You’ll eventually learn where everything is but as a fledgling captain it is incredibly unclear as to what rooms are necessary for begin your conquest of the stars. I will say the campaign hands you a mission to start with that points you in the right direction but Cosmonautica still doesn’t really do a good job on making things transparent to the player such as not making it apparent that you need to research into shower or gym facilities to ensure the crew’s needs are met. That being said it’s liberating that Cosmonautica has stuck with the true and tried tradition of allowing the player complete freedom to tackle the stars however they wish.
Room slots can be used for living quarters, vending machines, entertainment facilities or more job related spaces such as for cargo or weaponry.
Sadly as liberating as Cosmonautica’s freedom is, the variety in missions is extremely lacking.
Missions you can undertake are divvied into three distinct categories: bounty hunts, cargo deliveries and taxi deliveries which will require you to either have adequate amounts of fire power and ammo or capacity for passengers/goods. I found however that trying to accommodate for even two of these mission types tends to end badly, instead I favoured taxi jobs till I could afford to invest in gearing my little crew up for combat situations. From here the lack of variety became rather blatantly obvious as combat missions easily yield far more profit especially when you consider your bounties will also offer up ludicrous amounts of credits to let them escape along with the initial reward for the bounty.
By this point I felt like I had already reached and sussed out Cosmonautica’s ‘end game’ before I had even acquired my fourth ship and it led to me this space trader’s biggest flaws. Firstly a lack in content for a space trading game; after a couple of hours I had already research everything bar extra galaxies and even then I realized there’s so little point in doing so besides a slight increase in rewards and risks. Even when switching galaxies it felt like all that had changed was a couple of names, some mission names stayed the same right down to the name and info to the point it really rammed home the repetition. Combat suffers from this as well especially due to their sluggish non interactive nature.

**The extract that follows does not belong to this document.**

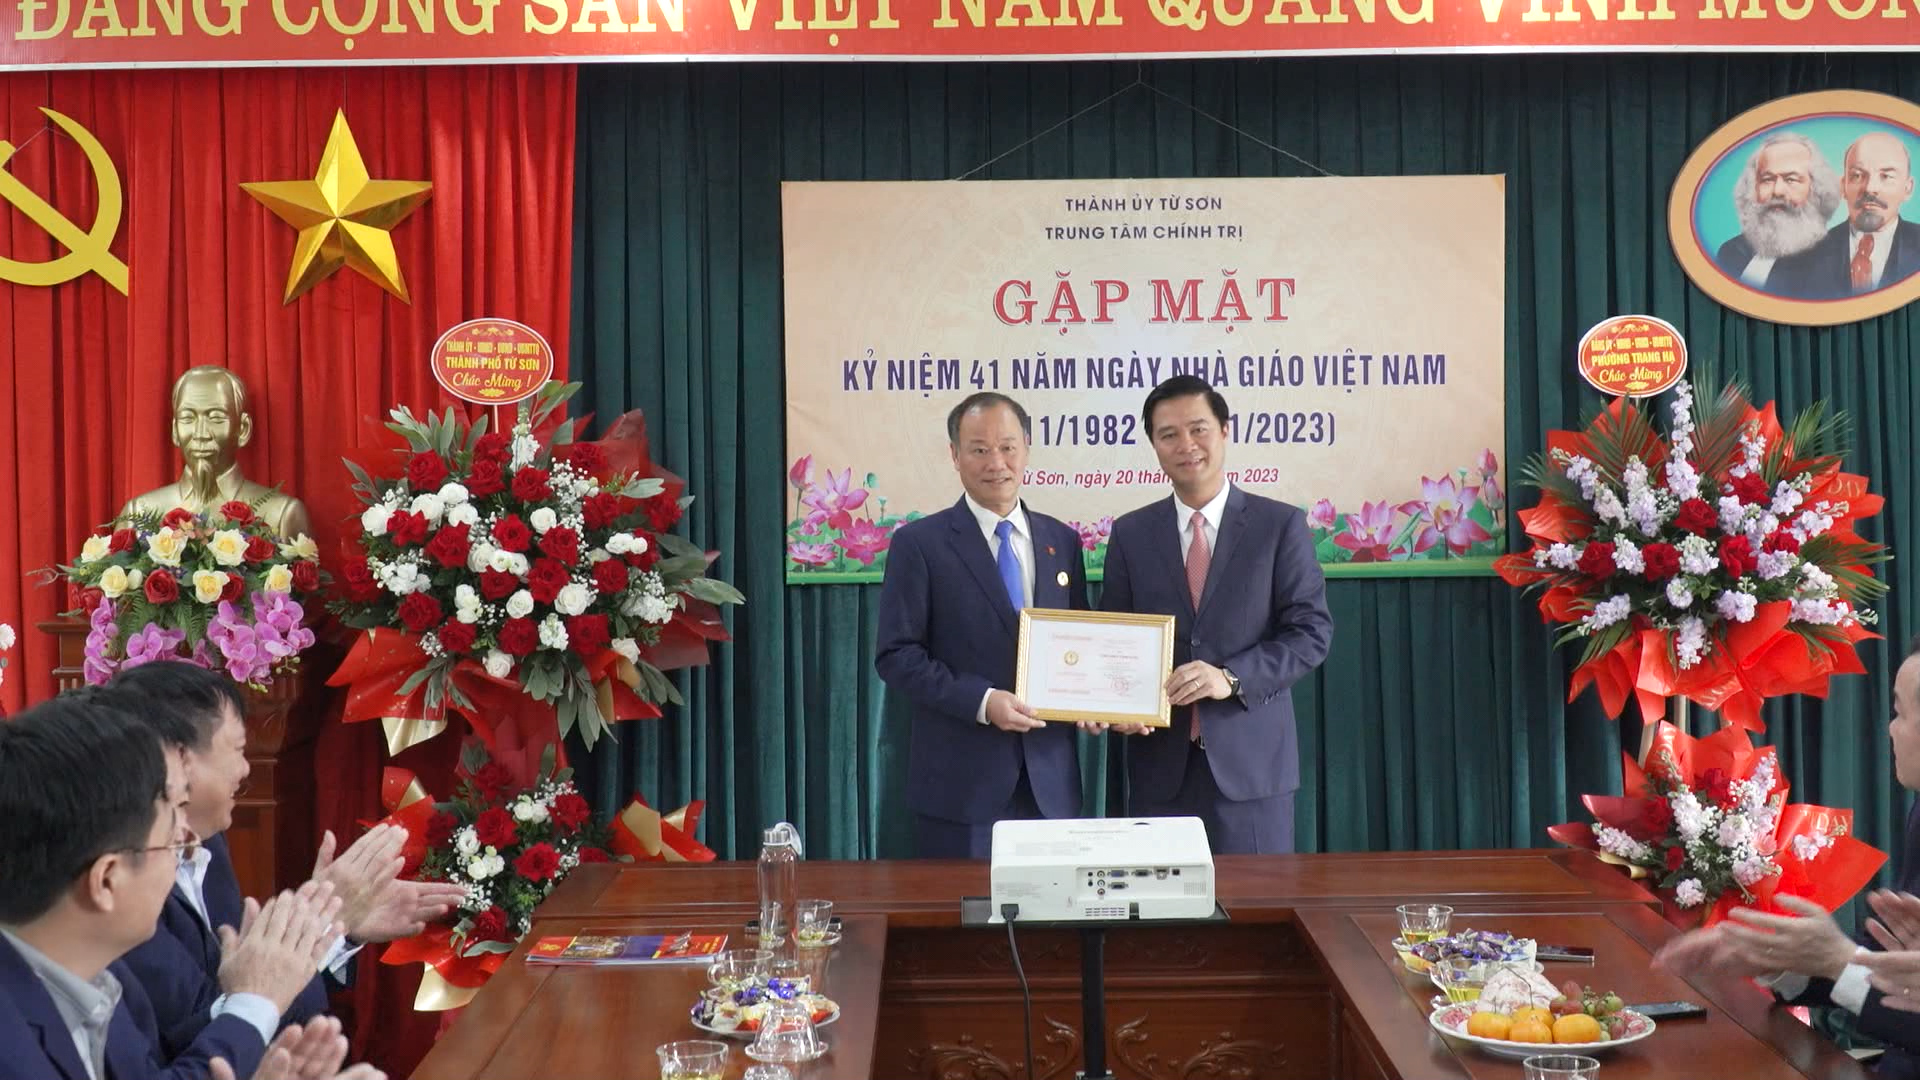 Trung tâm Chính trị Thành phố gặp mặt kỷ niệm 41 năm ngày Nhà giáo Việt Nam 20/11/2023

In fact it’s a lack of interactivity that hampers the experience, lack of interactivity with your ship, the galaxy and worst of all, your crew.

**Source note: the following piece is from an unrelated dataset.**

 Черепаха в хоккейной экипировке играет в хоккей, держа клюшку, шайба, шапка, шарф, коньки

Despite touting crew management as a key feature, it just felt incredibly shallow and lacked any kind of meaningful depth. It was obvious that I had to meet hygiene or food requirements but besides that it didn’t really seem to matter what I did with my crew otherwise. I had crew members that hated each other but it seemed to have little to no impact on the performance of the ship as a whole, this couple with the utter lack of any connection or interactivity besides setting shifts for my crew had me completely disconnected from them. Instead of feeling like the virtual bonds I’ve had with my comrades in Final Fantasy Tactics or XCOM I felt nothing for this random bunch of randomly generated faces and the fact that I couldn’t name them, customize them nor interact with them reduced them to mere digitized walking nameplates.

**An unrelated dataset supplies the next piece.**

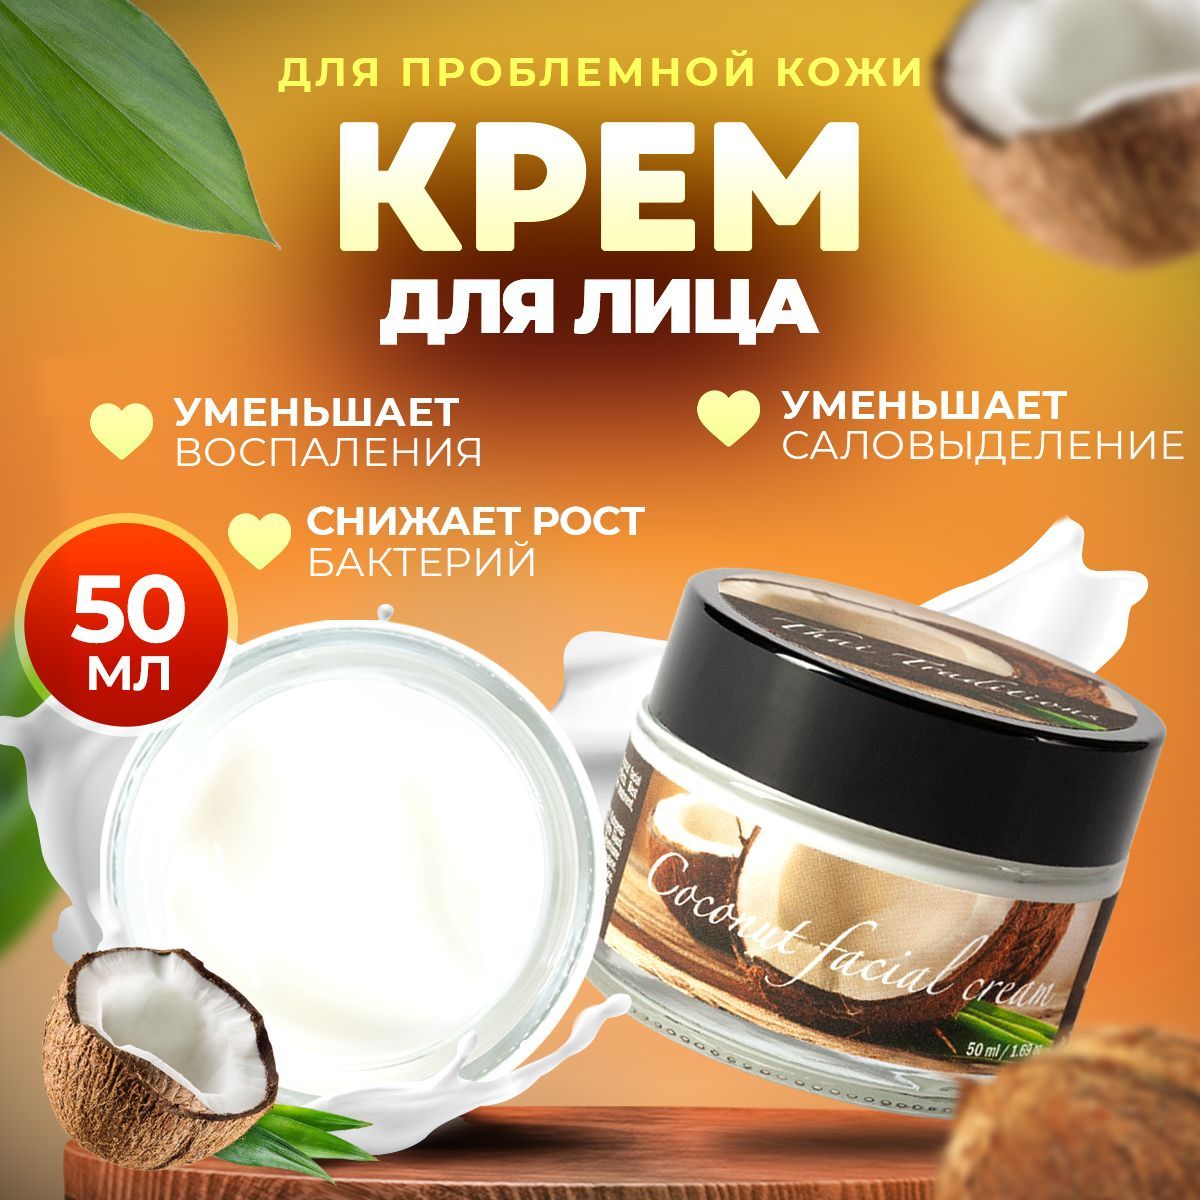 Натуральные кремы для лица и тела – купить в интернет-магазине с доставкой по России

Alas I can’t help but criticize a lot of elements in Cosmonautica that left me wanting, it’s a fun little quaint space trader and is impressive for an indie devs second game.
However when all is said and done Cosmonautica doesn’t quiet hit the mark and for a space trader just seems to lack overall longevity even when considering its cross platform capabilities allowing you to take it on the go; but given time and practice I look forward to seeing what Chasing Carrots cooks up next.
Quirky visual styles,
Simple yet challenging to start with.
Shallow crew interactivity,
Little variety in missions.
Cosmonautica doesn’t reach cosmic proportions but does score a 6.5/10.